_About this task:_ An exact reproduction of all the entries is the expected answer.

-- Opening Marker --

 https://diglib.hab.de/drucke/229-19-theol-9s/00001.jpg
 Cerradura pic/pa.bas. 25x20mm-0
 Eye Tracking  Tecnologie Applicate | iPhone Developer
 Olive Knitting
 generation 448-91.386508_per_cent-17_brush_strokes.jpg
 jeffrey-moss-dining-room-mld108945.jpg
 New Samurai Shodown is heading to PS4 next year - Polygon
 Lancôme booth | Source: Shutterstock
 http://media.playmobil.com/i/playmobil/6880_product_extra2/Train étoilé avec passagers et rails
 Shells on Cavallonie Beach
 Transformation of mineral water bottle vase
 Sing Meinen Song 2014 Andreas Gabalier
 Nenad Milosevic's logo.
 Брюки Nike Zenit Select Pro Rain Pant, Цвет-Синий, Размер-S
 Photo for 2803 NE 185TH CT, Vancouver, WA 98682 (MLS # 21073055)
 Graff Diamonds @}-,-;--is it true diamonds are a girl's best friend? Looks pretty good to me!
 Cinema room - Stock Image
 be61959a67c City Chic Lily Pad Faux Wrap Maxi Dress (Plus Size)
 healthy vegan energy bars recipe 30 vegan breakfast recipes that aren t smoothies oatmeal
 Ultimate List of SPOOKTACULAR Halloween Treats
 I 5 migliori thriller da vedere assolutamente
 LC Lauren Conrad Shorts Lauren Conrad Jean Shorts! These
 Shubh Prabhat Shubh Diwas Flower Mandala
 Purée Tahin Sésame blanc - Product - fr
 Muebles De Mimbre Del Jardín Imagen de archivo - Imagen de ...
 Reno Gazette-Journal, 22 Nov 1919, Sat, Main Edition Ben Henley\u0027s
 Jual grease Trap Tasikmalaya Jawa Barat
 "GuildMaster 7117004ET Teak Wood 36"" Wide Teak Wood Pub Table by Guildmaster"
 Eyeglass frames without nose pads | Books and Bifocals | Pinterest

-- Closing Marker --

_Task answer:_
 https://diglib.hab.de/drucke/229-19-theol-9s/00001.jpg
 Cerradura pic/pa.bas. 25x20mm-0
 Eye Tracking  Tecnologie Applicate | iPhone Developer
 Olive Knitting
 generation 448-91.386508_per_cent-17_brush_strokes.jpg
 jeffrey-moss-dining-room-mld108945.jpg
 New Samurai Shodown is heading to PS4 next year - Polygon
 Lancôme booth | Source: Shutterstock
 http://media.playmobil.com/i/playmobil/6880_product_extra2/Train étoilé avec passagers et rails
 Shells on Cavallonie Beach
 Transformation of mineral water bottle vase
 Sing Meinen Song 2014 Andreas Gabalier
 Nenad Milosevic's logo.
 Брюки Nike Zenit Select Pro Rain Pant, Цвет-Синий, Размер-S
 Photo for 2803 NE 185TH CT, Vancouver, WA 98682 (MLS # 21073055)
 Graff Diamonds @}-,-;--is it true diamonds are a girl's best friend? Looks pretty good to me!
 Cinema room - Stock Image
 be61959a67c City Chic Lily Pad Faux Wrap Maxi Dress (Plus Size)
 healthy vegan energy bars recipe 30 vegan breakfast recipes that aren t smoothies oatmeal
 Ultimate List of SPOOKTACULAR Halloween Treats
 I 5 migliori thriller da vedere assolutamente
 LC Lauren Conrad Shorts Lauren Conrad Jean Shorts! These
 Shubh Prabhat Shubh Diwas Flower Mandala
 Purée Tahin Sésame blanc - Product - fr
 Muebles De Mimbre Del Jardín Imagen de archivo - Imagen de ...
 Reno Gazette-Journal, 22 Nov 1919, Sat, Main Edition Ben Henley\u0027s
 Jual grease Trap Tasikmalaya Jawa Barat
 "GuildMaster 7117004ET Teak Wood 36"" Wide Teak Wood Pub Table by Guildmaster"
 Eyeglass frames without nose pads | Books and Bifocals | Pinterest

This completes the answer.